Mish gradient can be caculated as following code?

AlexeyAB / darknet

YOLOv4 / Scaled-YOLOv4 / YOLO - Neural Networks for Object Detection (Windows and Linux version of Darknet )

http://pjreddie.com/darknet/

Other

21.75k stars 7.96k forks source link

Open zhaokai5 opened 4 years ago

zhaokai5 commented 4 years ago

https://github.com/AlexeyAB/darknet/blob/05dee78fa3c41d92eb322d8d57fb065ddebc00b4/src/activations.c#L388 According to the formulation, the grad_sp should be caculated as follow; const float grad_sp = 1 - 1./(1+exp(sp)); but, your code is grad_sp = 1 - exp(-sp)，so this is a mistake?

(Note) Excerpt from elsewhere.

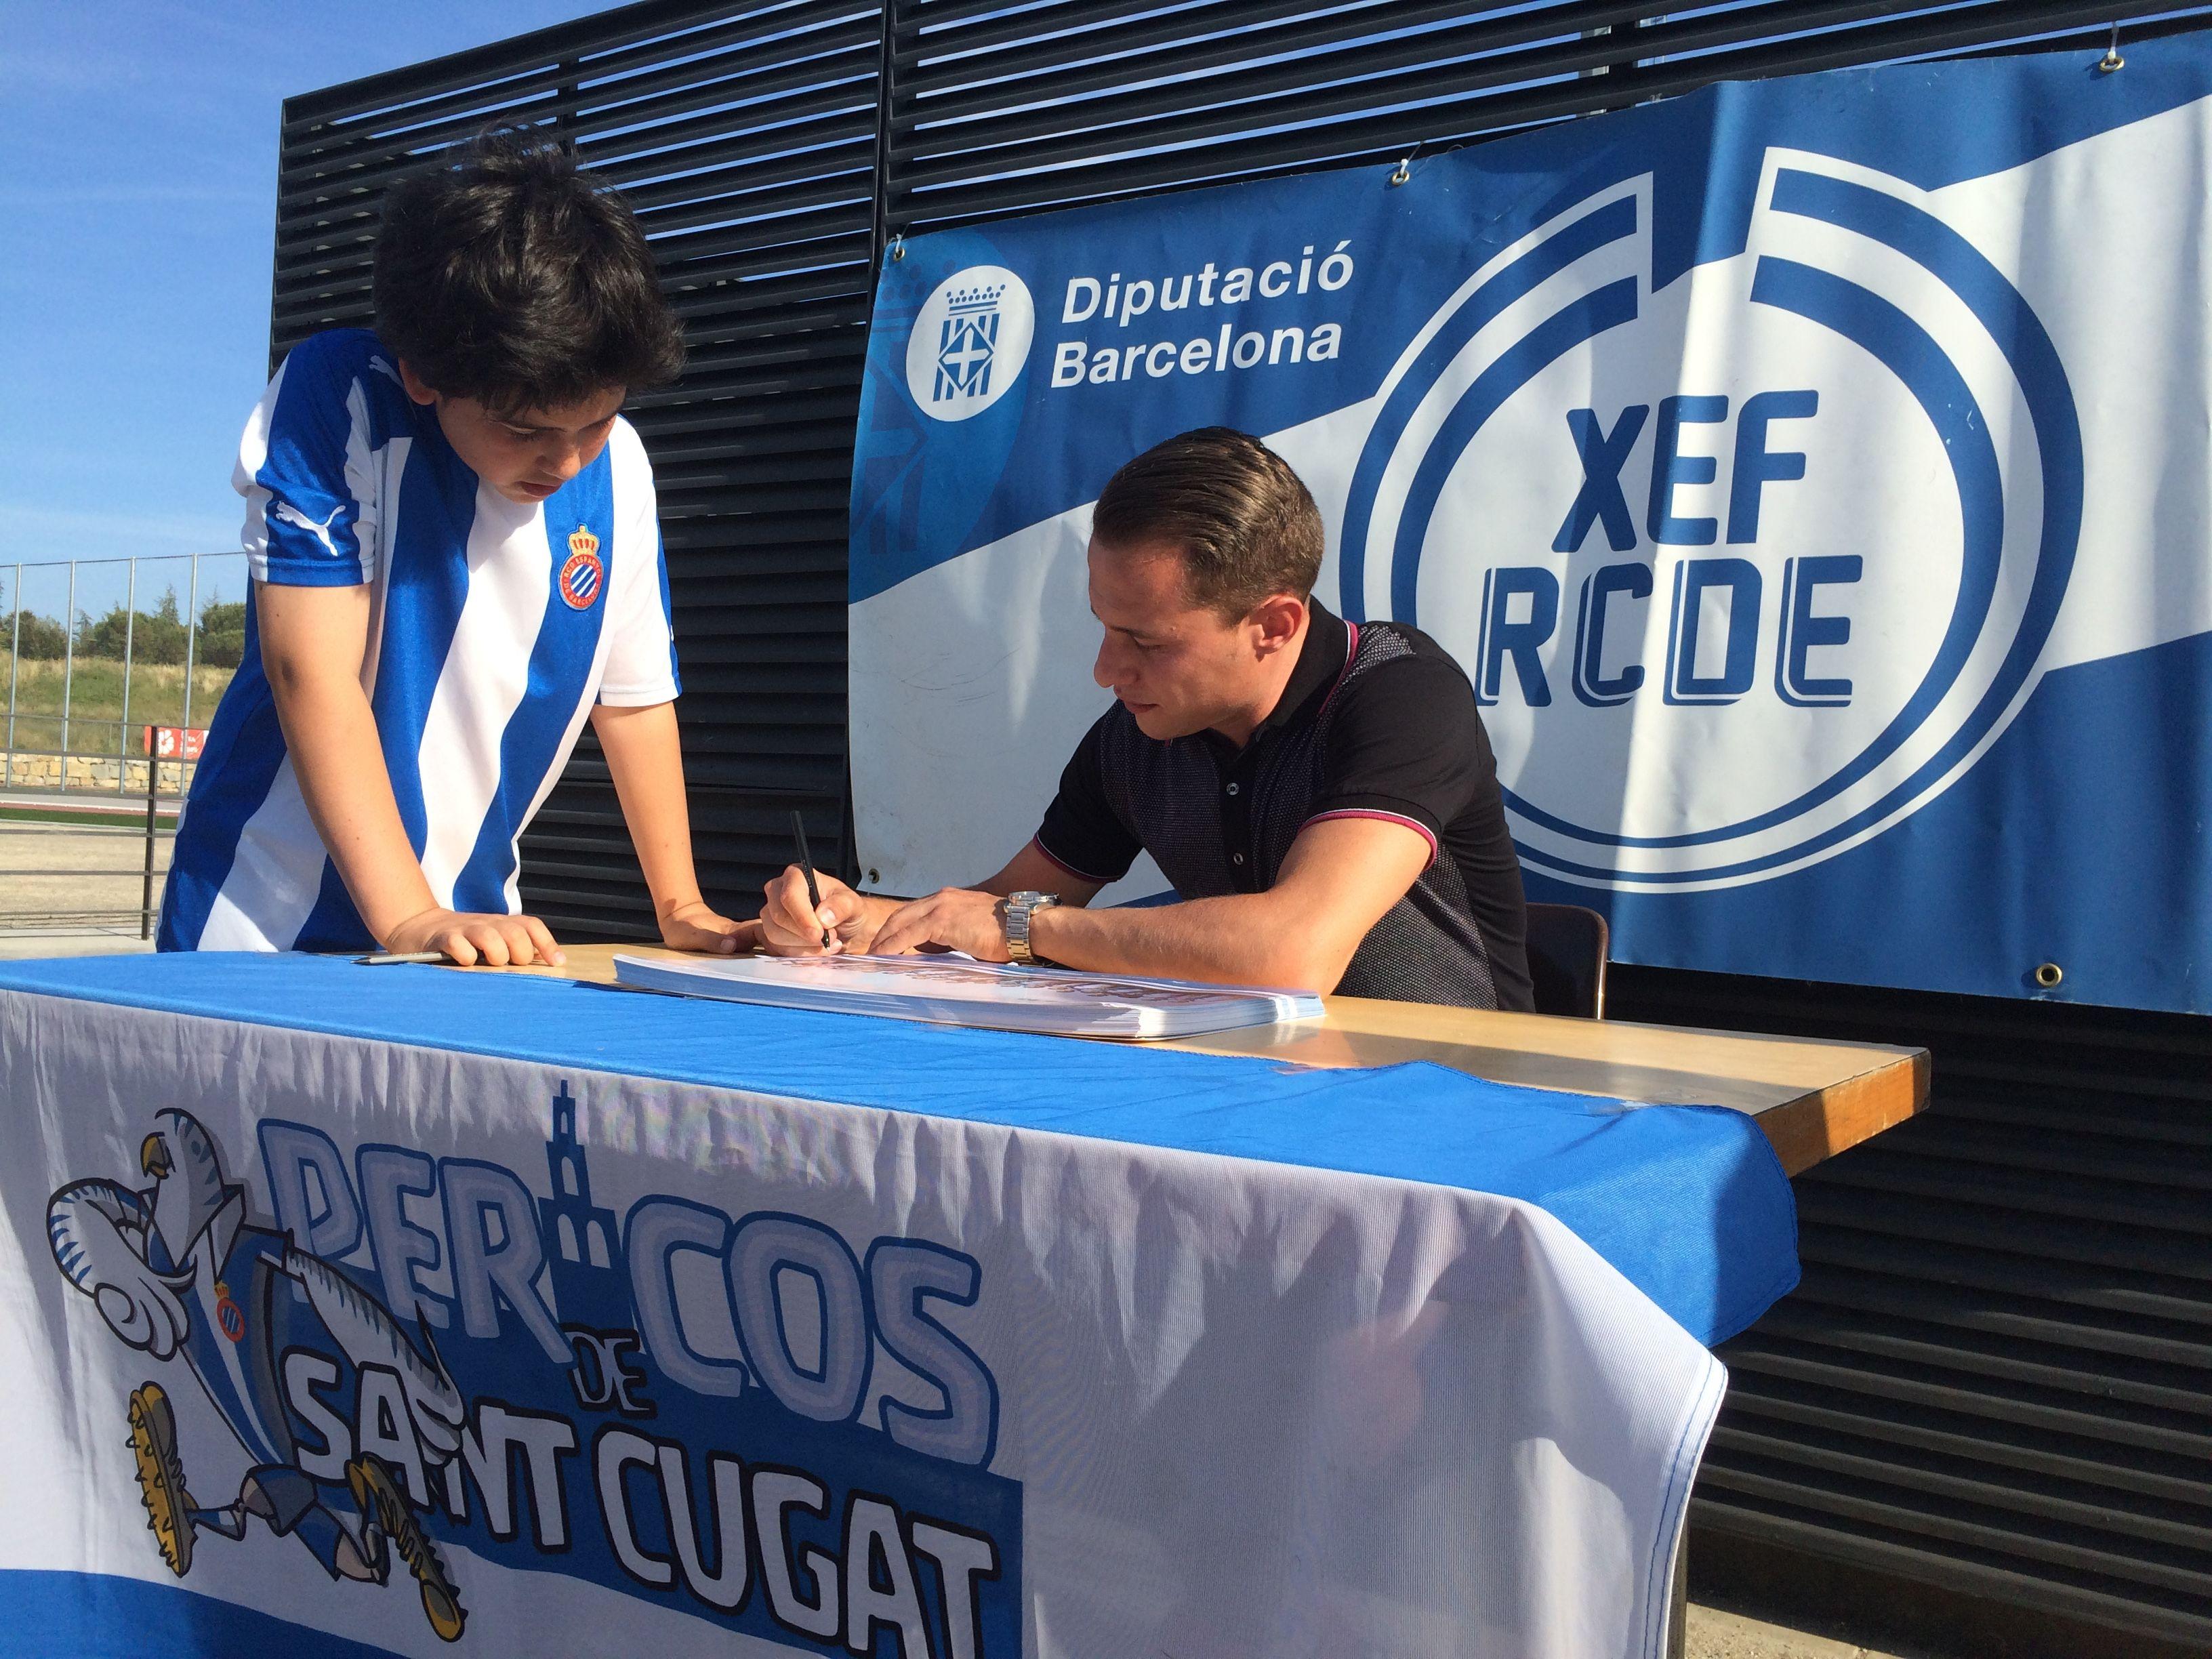 El jugador del RCD Espanyol va firmar autògrafs a tots els nens de l'escola de futbol. FOTO: À. L. P.

YashasSamaga commented 4 years ago

sp is log(1 + exp(x))

grad_sp = 1 - exp(-sp)
        = 1 - exp(-log(1 + exp(x))
        = 1 - 1/(1 + exp(x))

I think you considered sp to be x. sp is the softplus output. The softplus gradient is a composition over softplus.

zhaokai5 commented 4 years ago

Thanks！It's my fault for considered the sp to be x.